En fait, il s'agit là d'impressions de Mme Gilmore et le voyage à Londres fut postérieur à l'insurrection, le rapport du préfet de police Gisquet, d'autres recherches placent la Société Gauloise de Deschapelles au centre des préparatifs de l'insurrection.
Arrivée de Thiers
La France est alors dans un état proche du chaos, ce qui pousse le gouvernement à dissoudre la société des amis du peuple au terme d'un procès où Cavaignac usera de toute sa verve pour critiquer l'article 291 du code pénal qui restreint le droit d'association « En période de renouveau national, la liberté d'association est nécessaire [...]. Il ne peut y avoir trop de bonnes volontés combinées pour résoudre les problèmes sociaux. »[25]. En octobre 1832, la nomination au ministère de l'intérieur de Thiers, homme qui a bien connu les réseaux clandestins sous la Restauration, permet au gouvernement de reprendre la main sur les républicains. Il intente plus de 300 procès envers la presse et les sociétés républicaines, s'en prenant notamment à La Tribune de Marrast et au Populaire de Cabet, qui tire à l'époque à 27 000 exemplaires[6]. Au total, le gouvernement impose plus de 215 000 francs d'amendes à toute la presse républicaine soit une somme énorme à l'époque[26]. Les républicains, face aux assauts de Thiers contre leur presse, réagissent en créant une multitude d'associations pour défendre la liberté de la presse. Les républicains martèlent l'argument suivant : « Les électeurs ne constituant qu'une petite minorité, la masse du peuple est représentée, donc, non par la chambre mais par la presse. [...] Unissons-nous pour subvenir aux journaux, payer leurs amendes. »[27].
Cette propagande républicaine est appuyée par un nouveau comité : le comité d'action central de Paris auquel se subdivisent cinq comités, spécialisés.
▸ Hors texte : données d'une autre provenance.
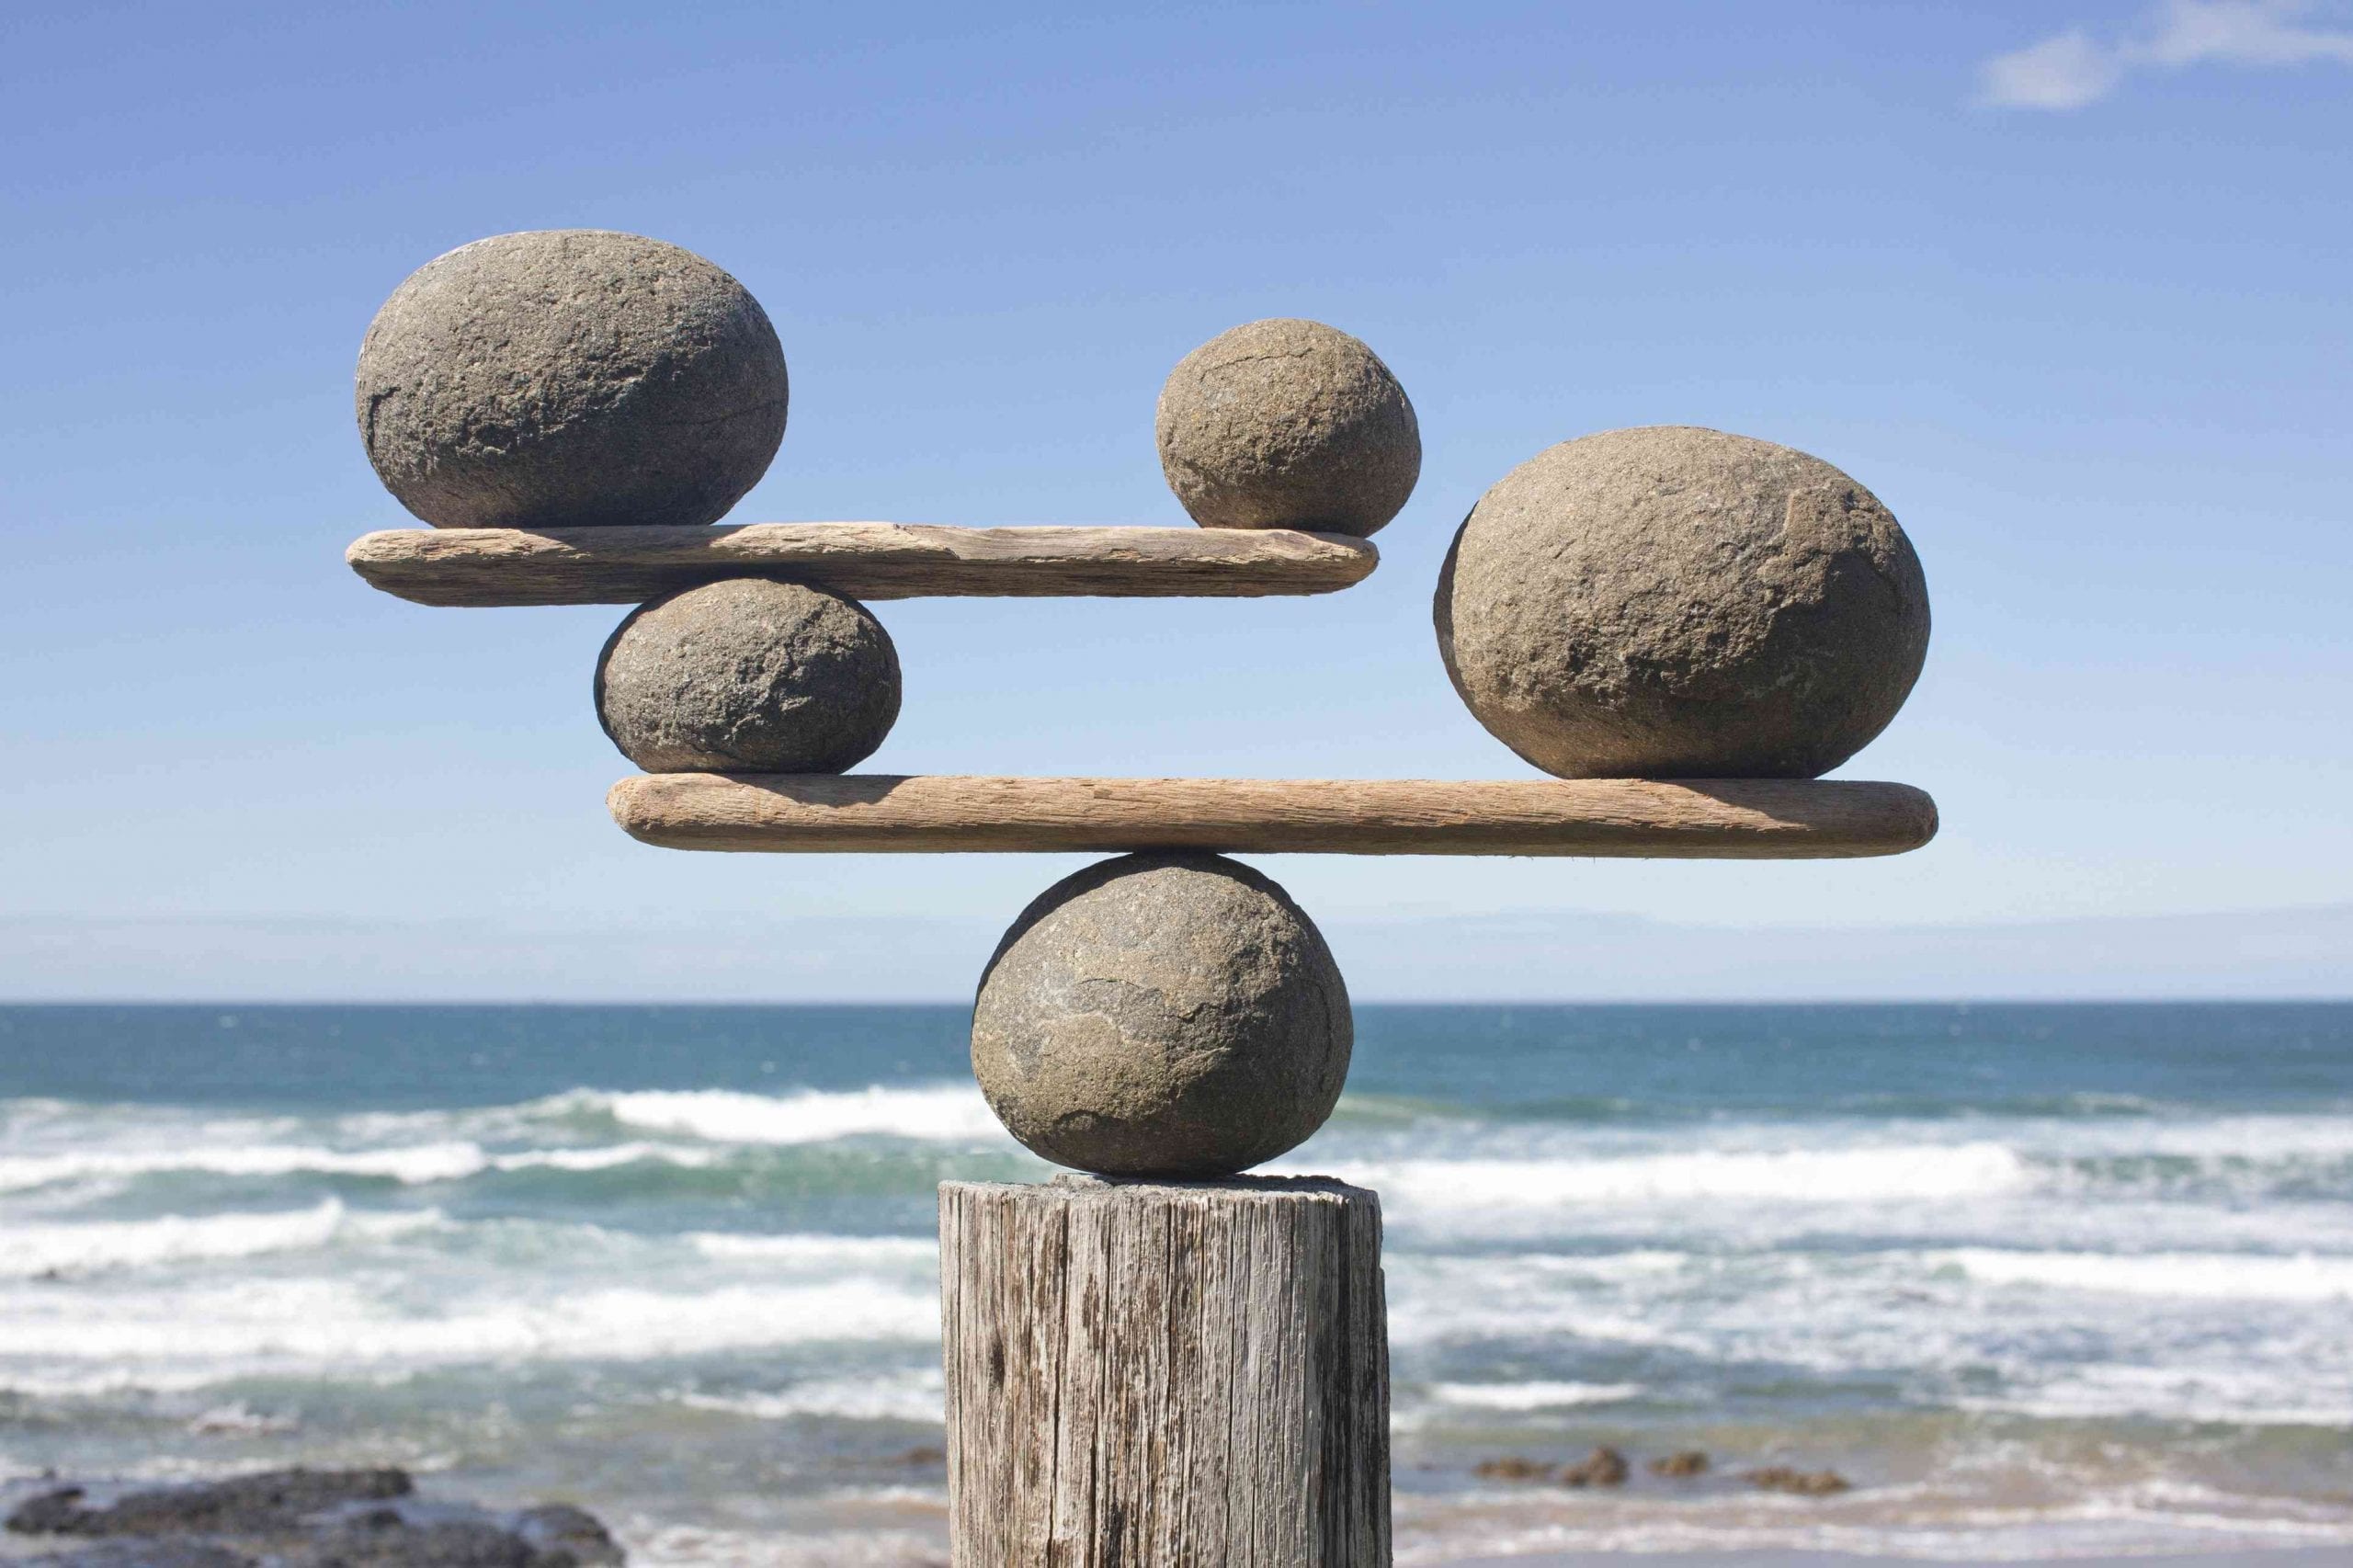 Achieving Balance

Le comité d'enquête, qui étudie les actes gouvernementaux contre la liberté de la presse et qui est dirigé par Cabet, Marrast et Guinard, le comité de défense légale, pour la défense face aux tribunaux, qui est dirigé par Dupont de l'Eure, le comité des secours, pour recueillir les fonds pour aider les prisonniers républicains ou les familles de ces derniers, dirigé par Cormenin, le comité de législation, présidé par La Fayette, Carrel et Garnier-Pagès et le comité central de la presse, dirigé par Voyer d'Argenson et Cavaignac[28]. Ce comité est bien aidé dans ses opérations par la société Aide-toi et la société des droits de l'homme, héritière des Amis du peuple. Le comité agit également pour défendre les presses républicaines de province, quatre coordinateurs régionaux sont nommés : Cabet pour l'est, Trélat pour le sud, Garnier-Pagès pour le nord et Berrier-Fontaine pour l'ouest[29]. Ces coordinateurs font tout pour monter une presse d'opposition à la monarchie dans tous les départements de France. Ainsi, Trélat relance un journal républicain dans le Puy-de-Dôme pendant que Jacques Joly fonde Le patriote de Juillet à Toulouse et que Cabet fonde Le patriote de la Côte-d'or, les républicains sont désormais engagés dans une lutte à mort avec le pouvoir monarchique[30]. Les ouvriers, intimement mêlés aux républicains, en particulier dans les associations, sont à l'origine de la grève de novembre 1833, organisée avec le concert des républicains. Thiers, aidé de ses adjoints, choisit de laisser agir la faim, les associations d'entre-aides n'ayant pas prévues assez de vivres, les ouvriers sont obligés de reprendre le travail. Cette grève servit d'argument au triumvirat Guizot-Thiers-de Broglie qui dirige alors la France, pour frapper fort l'année suivante en 1834[31].
1834 : année troublée
Thiers lance en ce début d'année 1834 une loi mettant sous le contrôle de l'État les colporteurs. Ceux-ci sont désormais hors-la-loi s'ils diffusent des imprimés sans autorisation préalable. Les colporteurs sont encore une des sources principales de l'information pour un peuple majoritairement illettré. Depuis trois siècles, les colporteurs lisent les journaux à haute voix et distribuent des almanachs. Cette loi porte donc atteinte à l'information du plus grand nombre et suscite de nombreuses réactions notamment à Lyon, où les canuts se mettent en grève pendant un mois, et à Nantes, où les diverses associations républicaines de l'ouest se mobilisent et réclament « l'élection des députés aux suffrage universel »[32]. L'action politique de ces associations contribue à les exposer, et donc à en faire la prochaine cible du gouvernement. Le , une loi sur les associations est adoptée, la loi interdit la formation d'associations sans autorisation préalable à l'exception des associations artistiques, religieuses et littéraires. Par cette loi, ce sont les associations républicaines et les associations de secours mutuel des ouvriers qui sont visées. Cette loi provoque un tollé et des manifestations éclatent un peu partout en France. Des ouvriers entonnent La Marseillaise et hurlent « Vive la république, à mort les ministres. ». À l'exception des orléanistes, tous jugent la loi « scandaleuse » et tous comprennent que les desseins de Thiers à savoir pousser les républicains à la faute afin de les éliminer définitivement. Face à cette attaque, les leaders républicains manquent de cohésion. Si certains sont pour l'épreuve de force, d'autres sont pour le laisser-faire afin de ne pas tomber dans le piège que leur tend Thiers. La cohésion du camp républicain est d'autant plus difficile du fait de la multitude d'associations républicaines à travers la France[33].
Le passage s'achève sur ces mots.